Conditions for extension
- The public company or any person required to make any filings with respect to such company is unable to meet a filing deadline due to circumstances related to COVID-19.
- The company relying on the order furnishes a Form 8-K or, if eligible, a Form 6-K by the later of March 16, 2020, or the original filing deadline of the report, which:
- States that it is relying on the order;
- Provides a brief description of the reasons why it cannot file the report, schedule, or form on a timely basis;
- States the estimated date by which such report, schedule, or form is expected to be filed;
- Includes a company-specific risk factor or factors explaining the impact, if material, of COVID-19 on its business; and
- If the reason the subject report cannot be filed timely relates to the inability of any person, other than the company, to furnish any required opinion, report, or certification, the Form 8-K or Form 6-K, includes as an exhibit a statement signed by such person stating the specific reasons why such person is unable to furnish the required opinion, report, or certification on or before the date such report must be filed.
- The company or any person required to make any filings with respect to such company files the subject report, schedule, or form required to be filed no later than 45 days after the original due date.
- In such report, schedule, or form filed by the applicable above deadline, the company or any person required to make any filings with respect to such company must disclose that it is relying on the order and state the reasons why it could not file such report, schedule, or form on a timely basis.

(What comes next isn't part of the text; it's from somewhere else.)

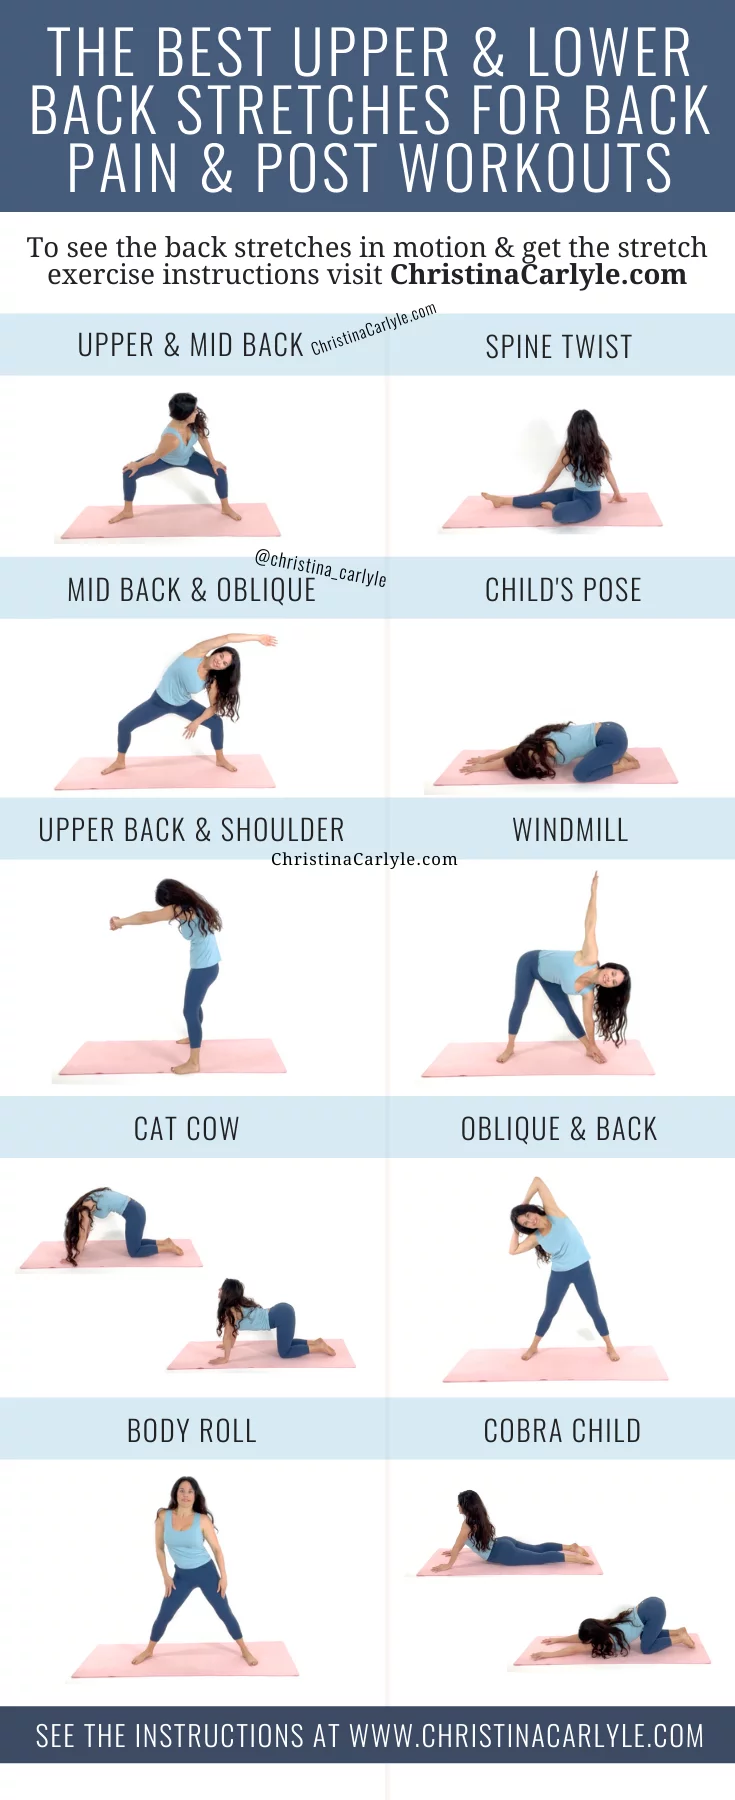 trainer Christina Carlyle demonstrating 10 back exercises and text that says The Best Upper & Lower Back Stretches For Back Pain & Post Workouts

Filings for which relief is available
The order provides conditional relief from any requirement to file or furnish materials (and any related amendments) with the Commission under Securities Exchange Act of 1934 (Exchange Act) Sections 13(a), 13(f), 13(g), 14(a), 14(c), 14(f), 15(d) and Regulations 13A, 13D-G (except for those provisions mandating the filing of Schedule 13D or amendments to Schedule 13D), 14A, 14C and 15D, and Exchange Act Rules 13f-1, and 14f-1, as applicable, that otherwise would have been due between March 1 and July 1, 2020. This relief is available to all companies subject to the reporting requirements of Exchange Act Section 13(a) or 15(d) and any person required to make any filings with respect to such a company, regardless of filer status, and applies, for example, to calendar year-end reporting companies who will shortly be preparing to file their first quarter 2020 Quarterly Report on Form 10-Q.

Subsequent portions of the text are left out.